I have a large data frame (hundreds of variables wide) in which all values of categorical variables are saved as numerics, for example, 1, 2, 8, representing no, yes, and unknown. However, this is not always consistent. There are variables that have ten or more categories with 88 representing unknown etc.
data <- data.frame("ID" = c(1:5),
"Var1" = c(2,2,8,1,8),
"Var2" = c(5,8,4,88,10))
For each variable, I do have all information on which value represents which category. Currently, I have this information stored in vectors that are each correctly ordered, like
> Var1_values
[1] 8 2 1
with a corresponding vector containing the categories:
> Var1_categories
[1] "unknown" "yes" "no"
But I cannot figure out a process for how to bring this information together in order to automate the recoding process towards an expected result like
| ID | Var1 | Var2 |
|----|---------|-------------------|
| 1 | yes | condition E |
| 2 | yes | condition H |
| 3 | unknown | condition D |
| 4 | no | unknown condition |
| 5 | unknown | condition H |
where each column is a meaningful factor variable.
As I said, the data frame is very wide and things might change internally, so doing this manually is not an option. I feel like I'm being stupid as I have all the necessary information readily available, so any insight would be greatly appreciated, and a cup of coffee is the least I can do for helpful advice.
// edit:
I forgot to mention that I have already made some kind of a mapping-dataframe but I couldn't really put it to use, yet.

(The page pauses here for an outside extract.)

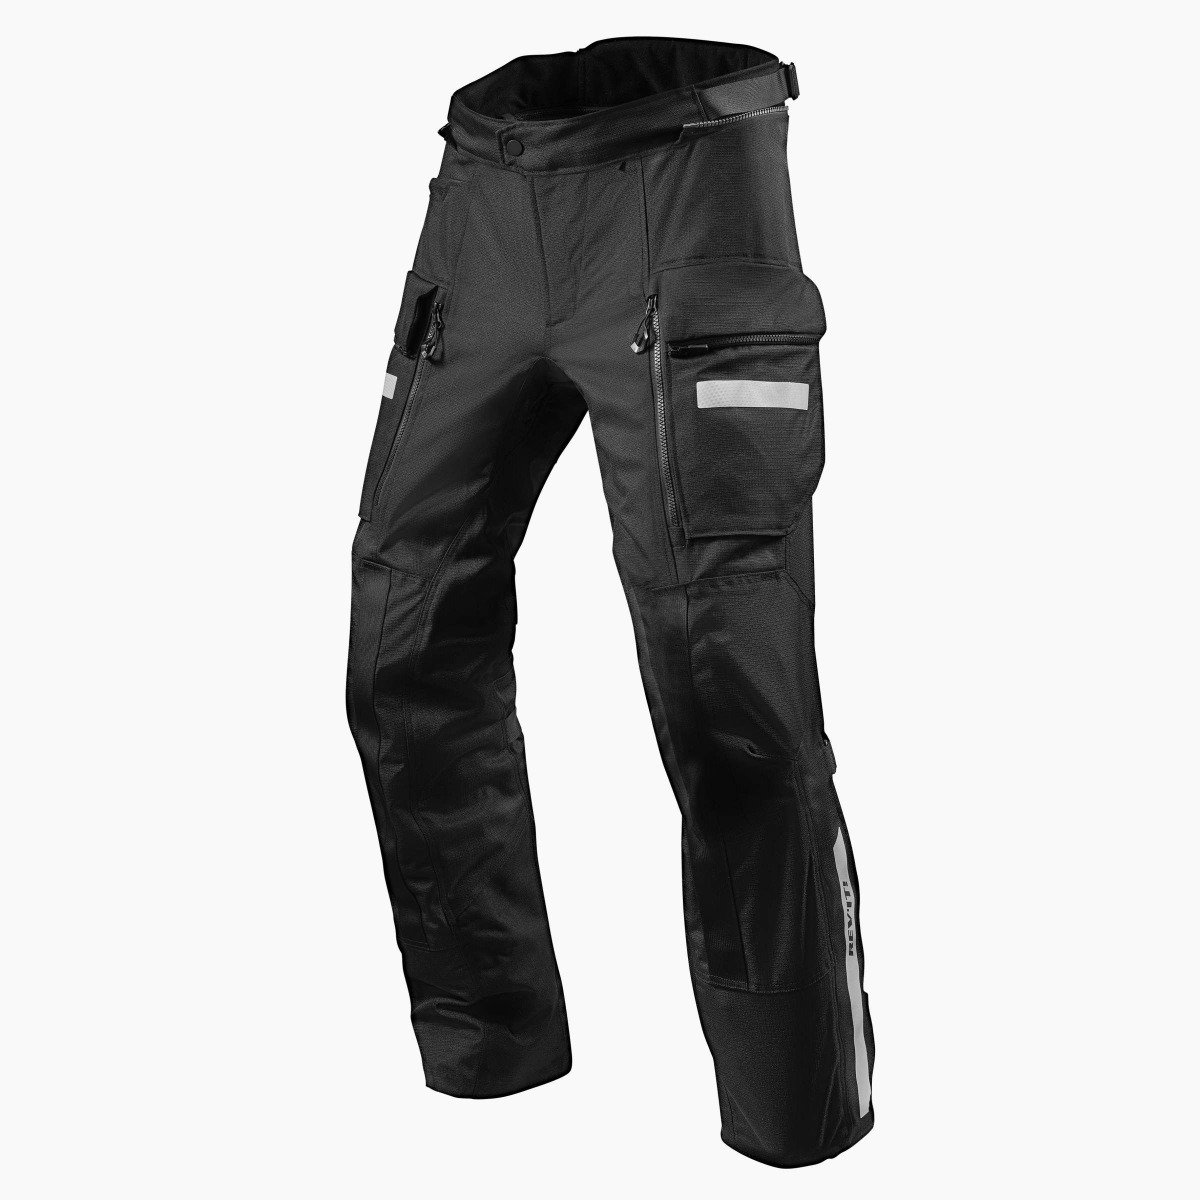 Image of REV'IT! Sand 4 H2O Standard Black Motorcycle Pants Talla S
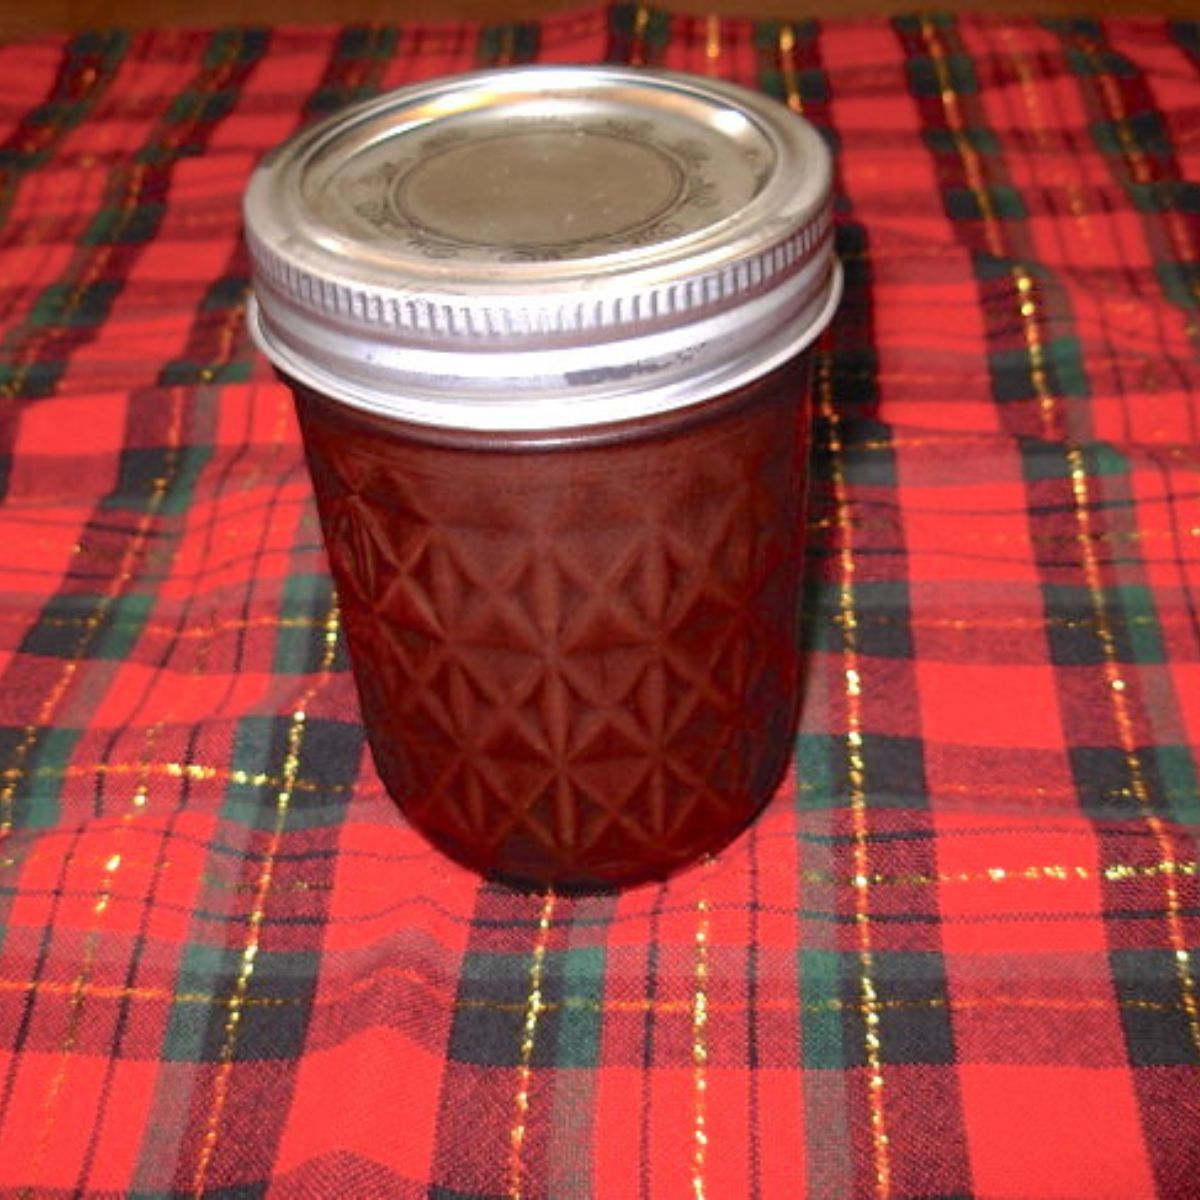 A jar of chocolate sauce sitting on pretty Christmas fabric

It looks like this:
mapping <- data.frame("Variable" = c("Var1", "Var2", "Var3", "Var4"),
"Value1" = c(2,2,2,7),
"Word1" = c("yes","yes","yes","condition A"),
"Value2" = c(1,1,1,6),
"Word2" = c("no","no","no","Condition B"),
"Value3" = c(8,8,8,5),
"Word3" = c("unk","unk","unk", "Condition C"),
"Value4" = c(NA,NA,NA,4),
"Word4" = c(NA,NA,NA,"Condition B")
)
I would like to "long"-transform it so I can use it with @r2evan 's solution.
Here's one thought, though it requires reshaping (twice) the data.
mapping <- data.frame(
Var = c(rep("Var1", 3), rep("Var2", 5)),
Val = c(1, 2, 8, 4, 5, 8, 10, 88),
Words = c("no", "yes", "unk", "D", "E", "H", "H", "unk")
)
mapping
# Var Val Words
# 1 Var1 1 no
# 2 Var1 2 yes
# 3 Var1 8 unk
# 4 Var2 4 D
# 5 Var2 5 E
# 6 Var2 8 H
# 7 Var2 10 H
# 8 Var2 88 unk
library(dplyr)
library(tidyr) # pivot_*
data %>%
pivot_longer(-ID, names_to = "Var", values_to = "Val") %>%
left_join(mapping, by = c("Var", "Val")) %>%
pivot_wider(ID, names_from = "Var", values_from = "Words")
# # A tibble: 5 x 3
# ID Var1 Var2
# <int> <chr> <chr>
# 1 1 yes E
# 2 2 yes H
# 3 3 unk D
# 4 4 no unk
# 5 5 unk H
With this method, you control the number-to-words mapping for each variable.
Another option is to use a map list, similar to above but it does not require double-reshaping.
maplist <- list(
Var1 = c("1" = "no", "2" = "yes", "8" = "unk"),
Var2 = c("4" = "D", "5" = "E", "8" = "H", "10" = "H", "88" = "unk")
)
maplist
# $Var1
# 1 2 8
# "no" "yes" "unk"
# $Var2
# 4 5 8 10 88
# "D" "E" "H" "H" "unk"
nms <- c("Var1", "Var2")
data[,nms] <- Map(function(val, lookup) lookup[as.character(val)],
data[nms], maplist[nms])
data
# ID Var1 Var2
# 1 1 yes E
# 2 2 yes H
# 3 3 unk D
# 4 4 no unk
# 5 5 unk H
Between the two, I think I prefer the first if your data doesn't punish you for reshaping it (many things could make this less appealing). One reason it's good is that maintaining the mapping
can be as easy as maintaining a CSV (which might be done in your favorite spreadsheet tool, e.g., Excel or Calc).